System sizes ranging from 384 electrons up to 12288 electrons were investigated, which should cover currently common problem sizes all the way to the ExaScale challenge problem. Not all sizes were run with the reference implementation, due to running out of memory, when restricted to a single thread per walker. With the Kokkos version it was possible to run the full range, with using multiple threads per Walker and thus less walkers per node.

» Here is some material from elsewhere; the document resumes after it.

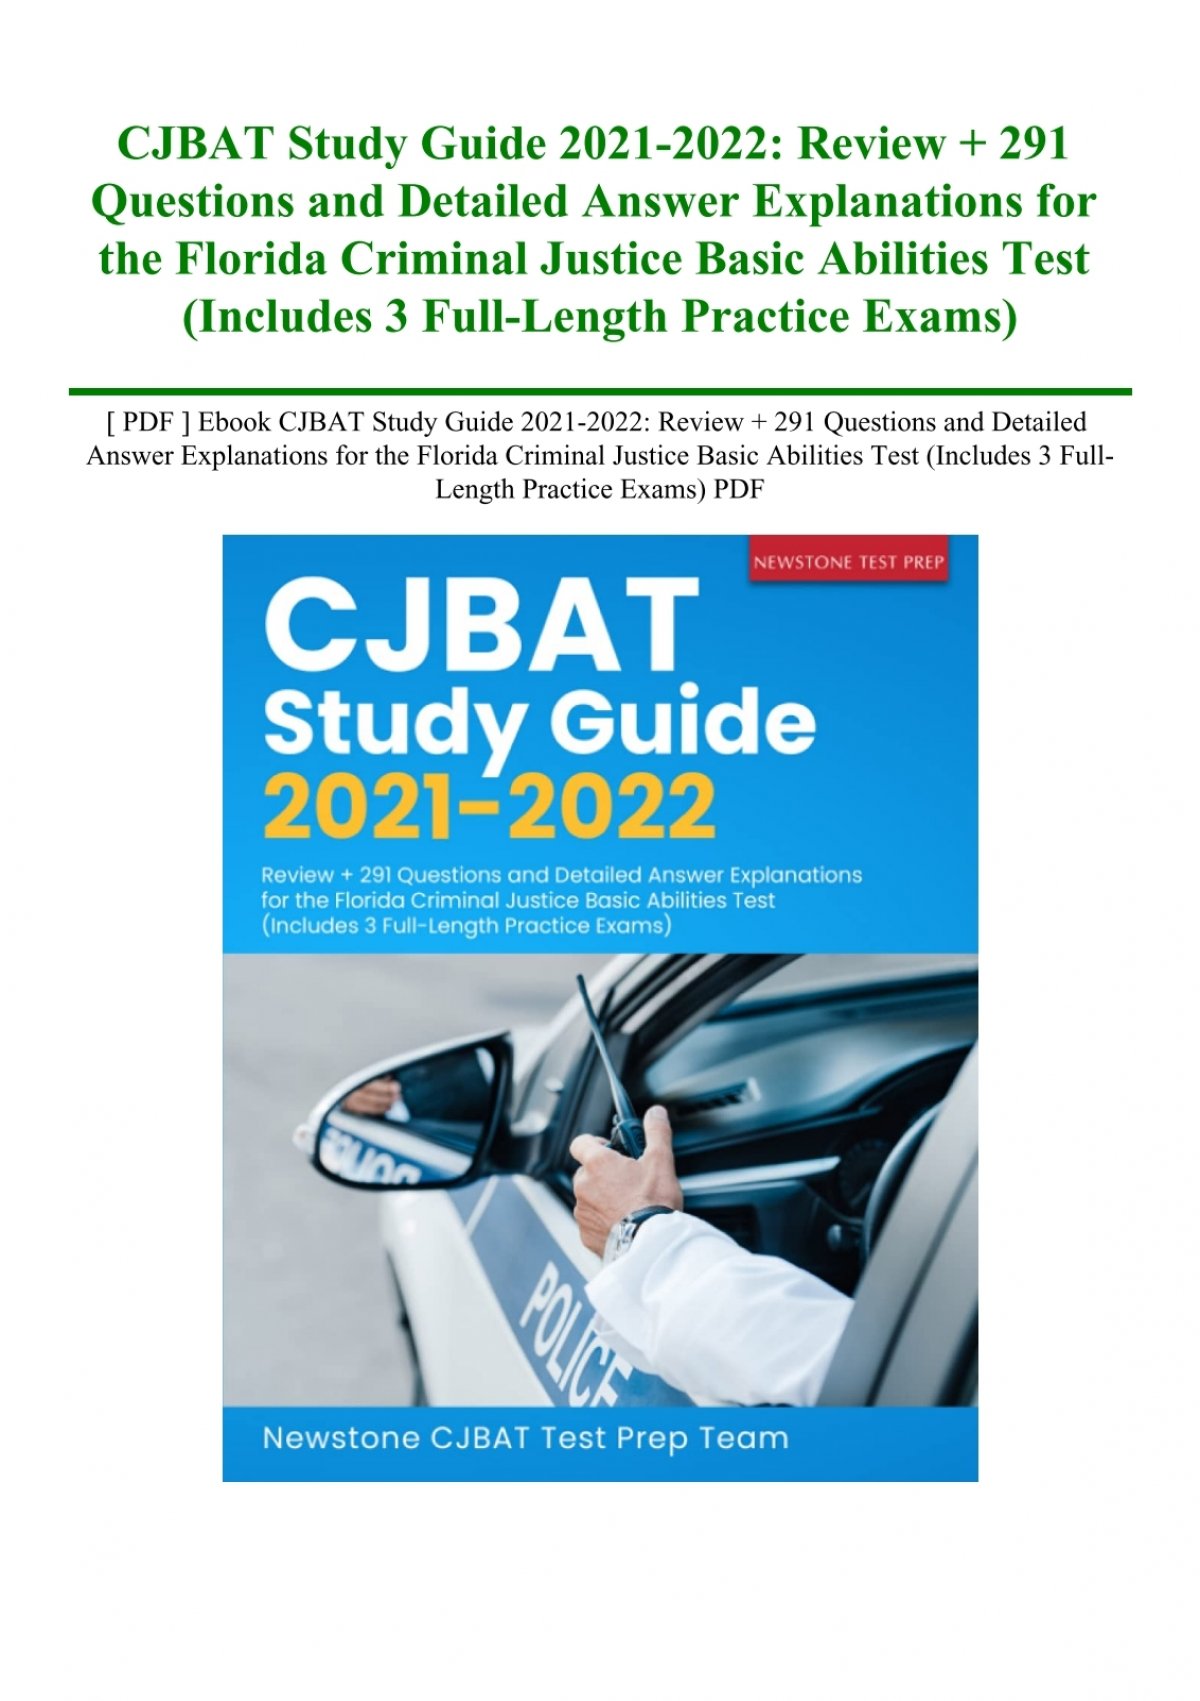 pdf-ebook-cjbat-study-guide-2021-2022-review-291-questions-and-detailed-answer
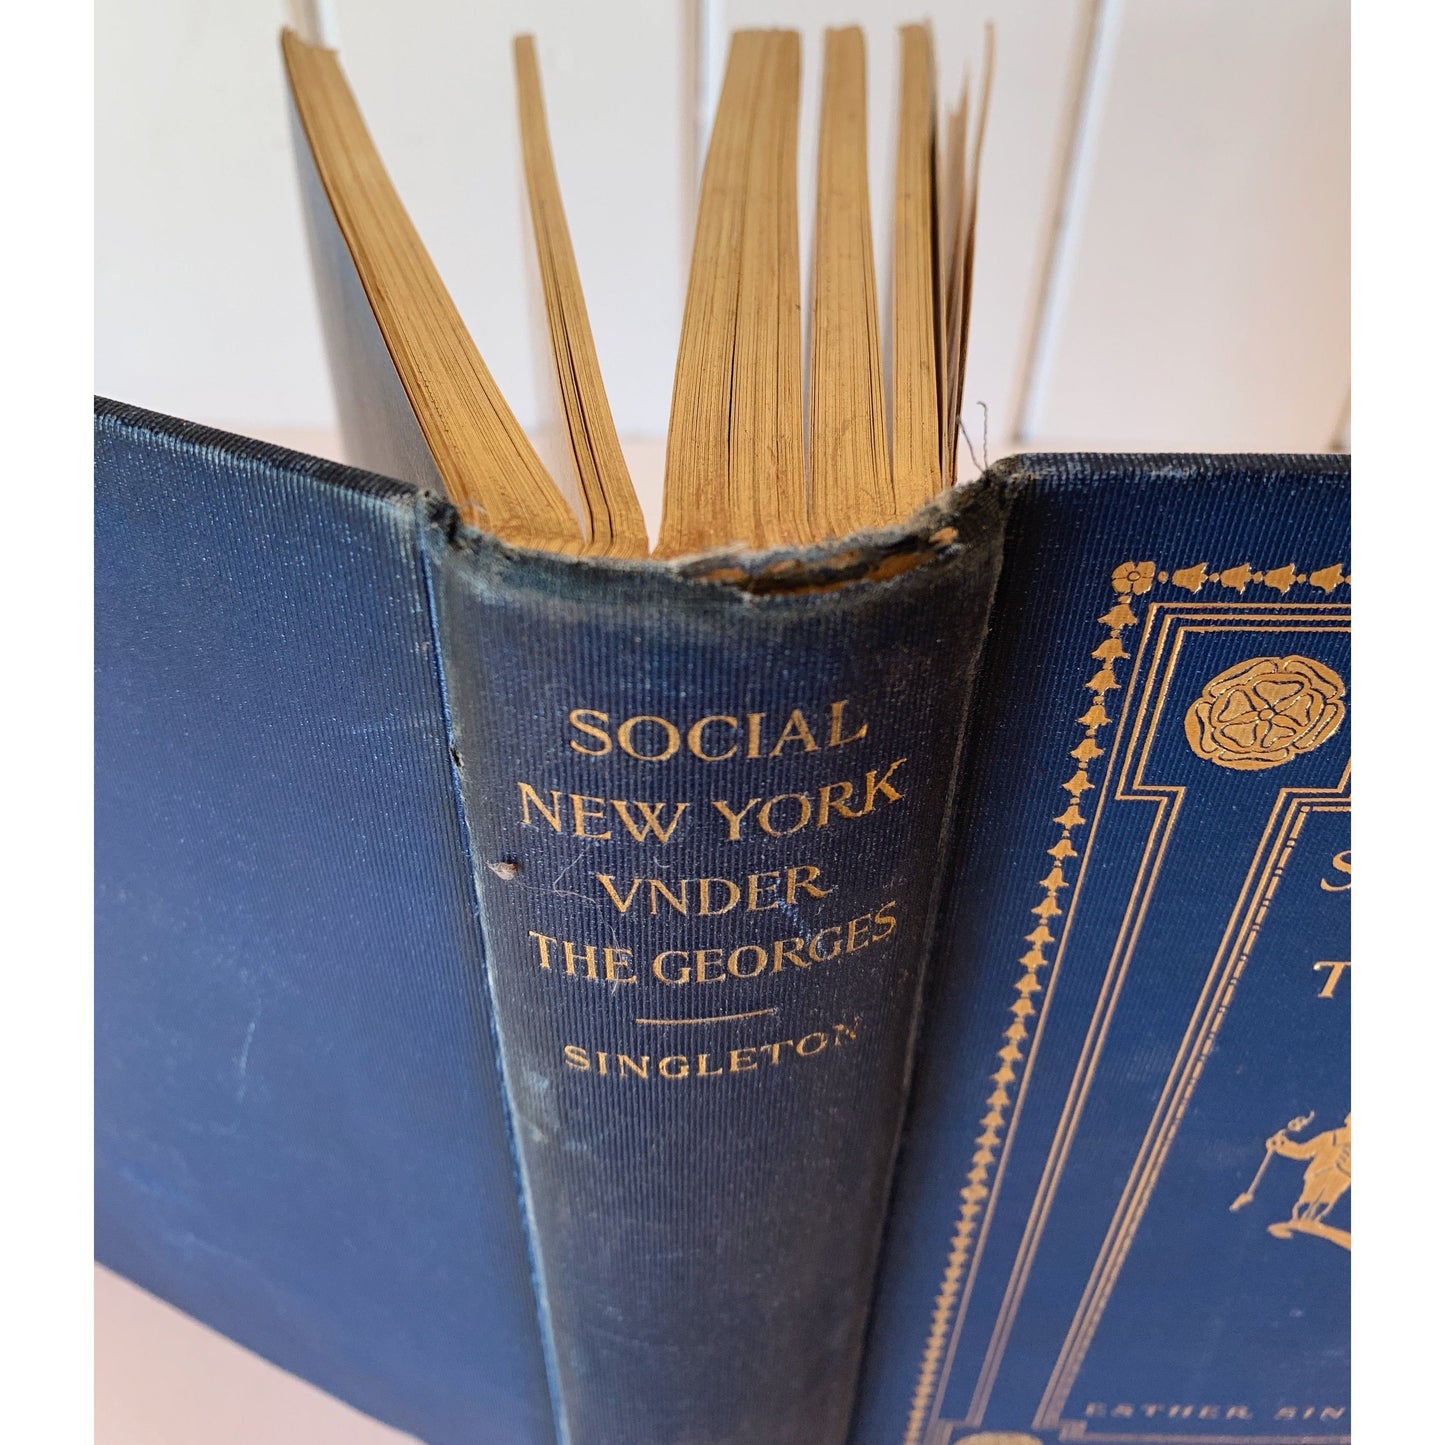 Social New York Under the Georges 1714-1776, Hardcover 1902

Kokkos vs. Reference Version

Since the reference version does not provide thread parallelization inside individual walkers the comparison is run with a single thread per walker, as far as possible. On KNL this didn't work for larger problem sizes since the HBM memory is much more size constraint. For the larger problemsize of 6k electrons, 32 threads per walker were used on KNL.

Performance miniQMC: Kokkos vs. Reference on Intel Haswell

Performance miniQMC: Kokkos vs. Reference on Intel KNL

On CPU and KNL performance is very comparable to the reference version with the exception of the Diffusion Jastrow computation. The cause for that slowdown was not yet investigated. The reasonably well optimized diffusion SPO evaluation is with a few % points of the reference version.

GPU - Simulating the Effect of Partitioning

Since the partition_master master capability is not yet available for the CUDA backend, the attempt was made to mimic the effect using multiple processes. The below plot shows the aggregate sampling rate for multiple concurrent processes sharing a single P100 GPU. The sampling rate is computed as num_walkers * num_iterations / time. Since only the SPO evaluation in Diffusion is reasonably optimized, the analysis is restricted to it.

Performance miniQMC: GPU - Mimic Partitioning

Nested Threading on HSW

Ideally the aggregate sampling rate should be independent of the choice of how many walkers per node vs. how many threads per walker are used, as long as the total amount of threads is constant. This obviously breaks down for small problem sizes, where the amount of parallelism available within each walker is low. That said due to initilization cost it may be profitable to use multiple threads per walker, even if the sampling rate is somewhat lower, since more of the computed MC steps would be computational useful instead of consumed by system equilibration.

The following plot uses a Figure of Merit (FOM) for the SPO evaluation which is proportional to the achieved flop rate. It is computed as (num_walkers * num_iterations /time) * num_electrons * num_electrons * 1e-6.

Performance miniQMC: Walker Threading on Haswell

As can be seen for problem sizes larger than 2k electrons using multiple threads per walker always provides a benefit. Below that it may depend on the number equilibration vs. collection MC steps during a run.

Architecture Comparison

Last but not least the following plot shows an architecture comparison, using the optimal choice of threads per walker for each problem size and architecture individually.

Performance miniQMC: Architecture Comparison

At 3k electrons largely equivalent performance is achieved across the three architectures, but while Haswell provides a flat performance profile, GPUs clearly need bigger problem sizes and KNL suffers at the largest problem sizes. The GPU issues should be mitigated by a proper partition_master implementation in Kokkos, since it will eliminate a number of restrictions and performance issues caused by using multiple processes per GPU. The KNL performance degradation in particular at 12k electrons, might be caused by running the HBM memory close to its capacity limit, but a more detailed investigation will be necessary.

Acknowledgements

This research was supported by the Exascale Computing Project (ECP), Project Number: 17-SC-20-SC, a collaborative effort of two DOE organizations—the Office of Science and the National Nuclear Security Administration responsible for the planning and preparation of a capable exascale ecosystem including software, applications, hardware, advanced system engineering, and early testbed platforms to support the nation’s exascale computing imperative.